王様は一瞬黙って俺を睨んでいたが、俺の頭をポンポンと叩かれて
「すまんな」
と笑って言った。
王様まで……俺の生い立ちを既に知っていると思うのに嫌な顔を何一つされなくて優しい眼差しに自分の心も舞い上がってしまう。
リー様が「笑顔が嬉しかったら笑顔で返すと喜ぶ」と教えて貰ったから俺も笑顔の練習の成果を発揮しなければ!!
細くて裸だなんて滑稽な姿だけど、俺は王様に笑顔を返してみるといきなり抱き締められてしまった。
「わっ!!王様!!」
チェン先生もお父様もリー様も……特に王様の行動を止めるような素振りはない。
俺に危害は加えないと分かっているからなのかな?
でも今の俺……薬まみれの裸……
「あの……?」
「ハオラン。お前は何が望みだ?」
王様が唐突にそんな事を聞いてきた。
「望み……?」
「そうだ。お前の望みは何だ?無いのか?」
そんないきなり聞かれても……望みか……俺が望んでいる事なんて聞かれた事も無かったし口に出した事もなかった……
「…………」
「お前の望みはないのか?」
「あ、あります………」
「何だ?勿体振らずに言ってみろ!」
「…………えっと……」
王様に抱き締められながら、お父様と目が合った。
お父様は王様と俺のやり取りを聞きながら、俺が自分の望みを言うのを待っているように優しい目をしてうんうんと頷いていた。

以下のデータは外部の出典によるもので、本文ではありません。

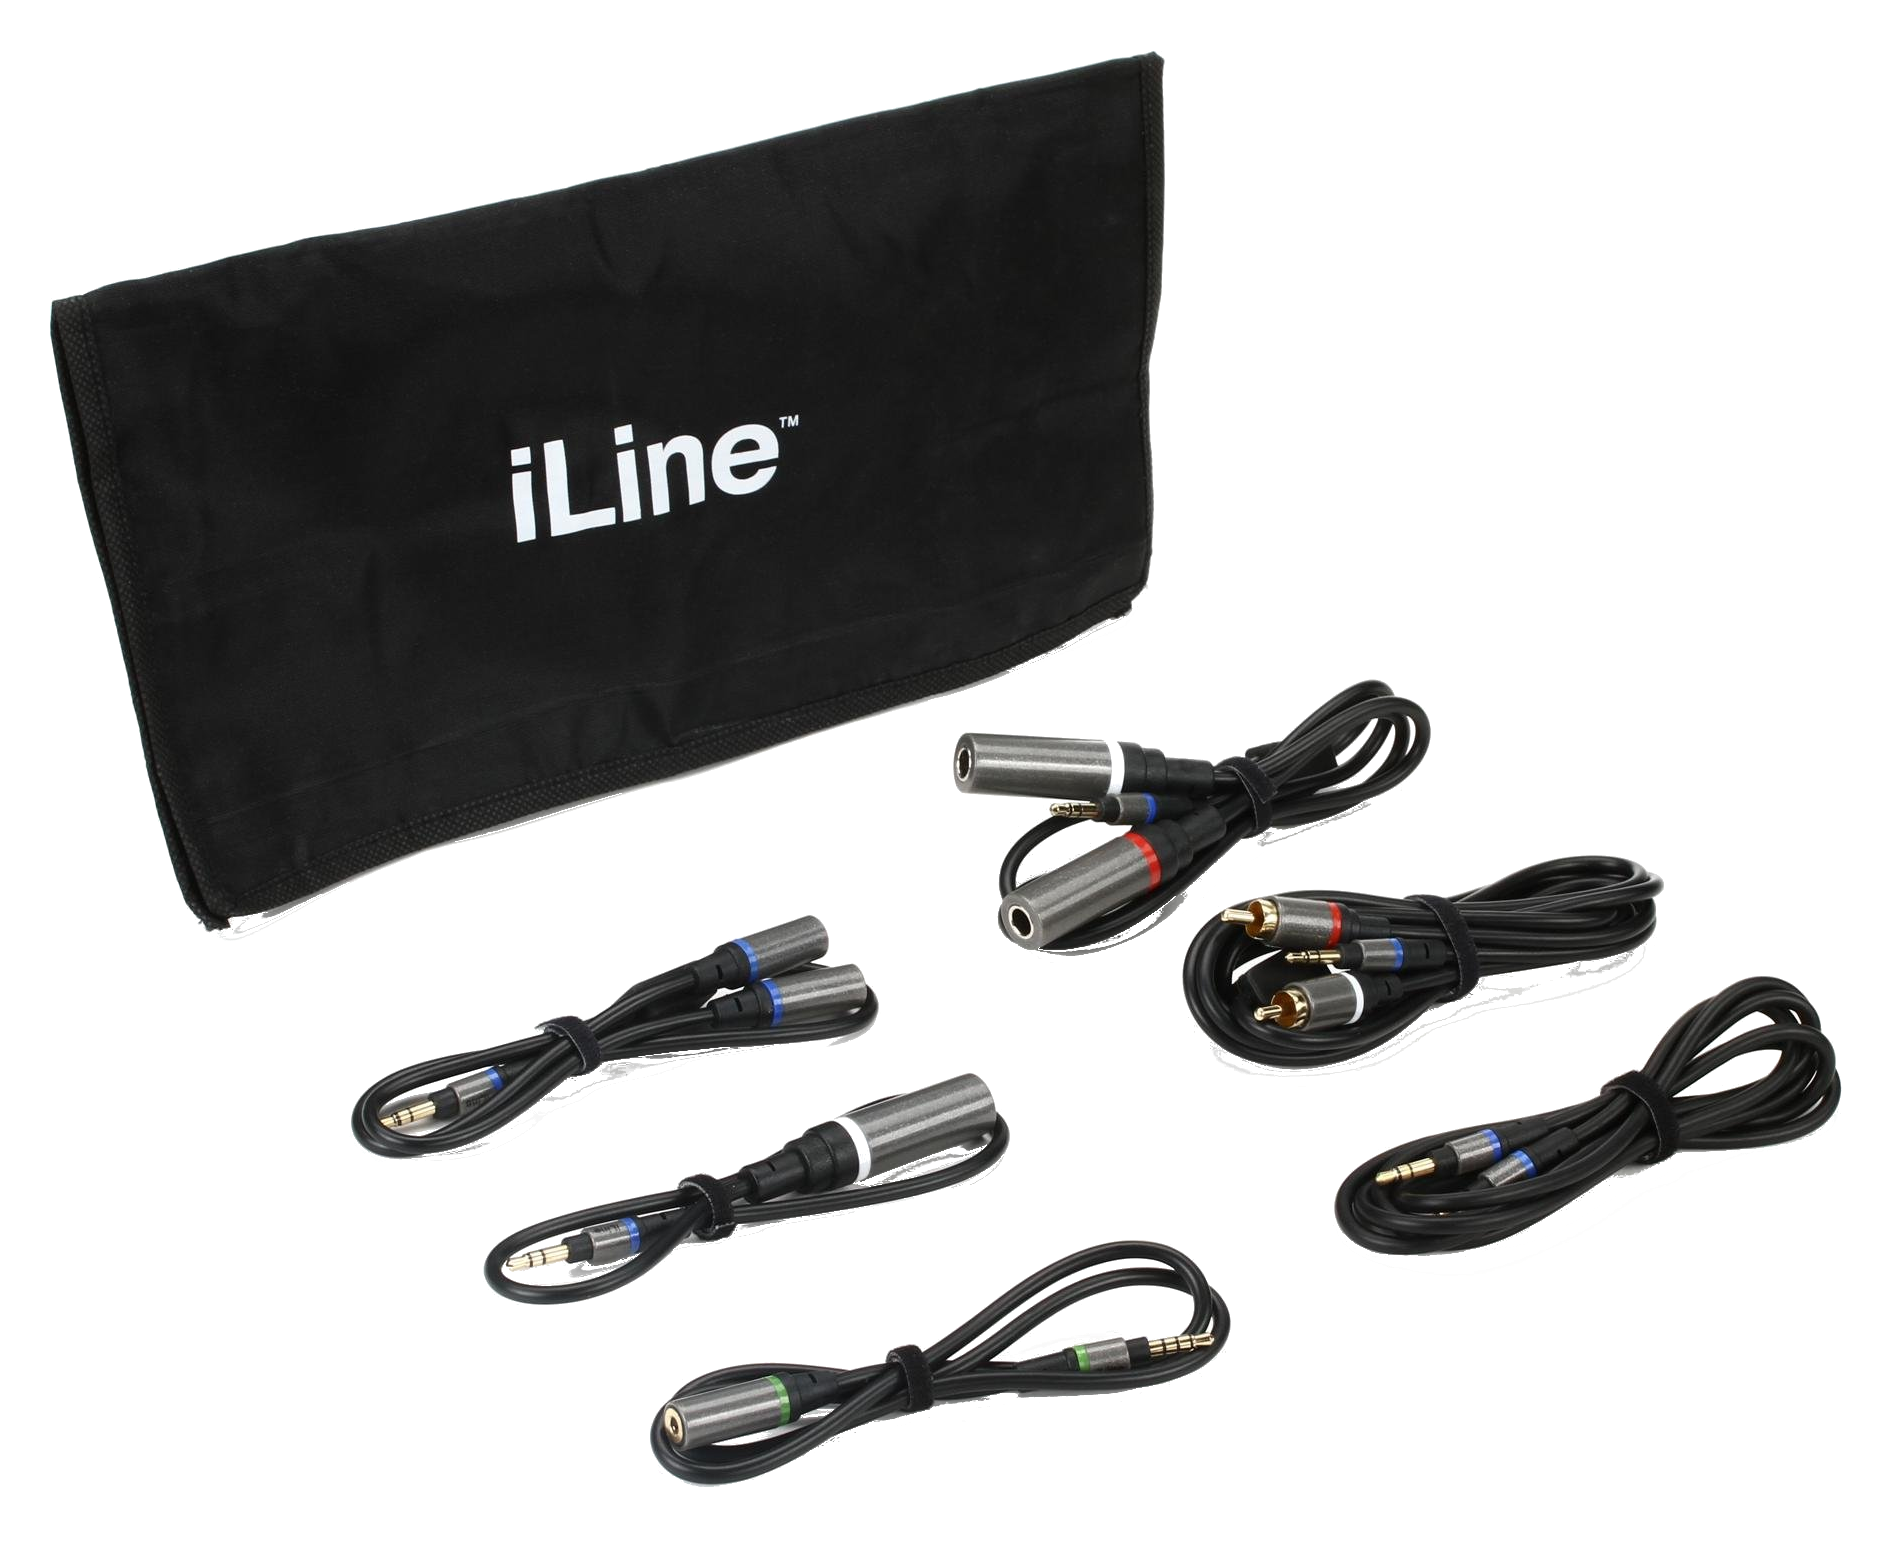 IK Multimedia iLine Music Cable Kit

「私は……私の望みは、働いてお金を貰って、そのお金で欲しい物を買ってみたいです。
そうは言っても俺はこんな髪と瞳ですし、普通の働き口が見つかるかどうか……それに男娼と子守りと畑仕事しかした事がなくて……計算も苦手ですし、まだ熱があって何言ってるんだかと思われるでしょうけど」
エヘヘっと。
そんな事が俺の小さい時からの夢だった。
普通の人なら出来る事だから恥ずかしかったけど、なぜか正直に口にしてしまった。
しかも王様に。
自分で言ってしまった内容に、恥ずかしくなって笑って誤魔化してしまったのは許して欲しい。
「…………そうか」
だけど王様は俺の言った事にもちゃんと笑わないでくれてホッとした。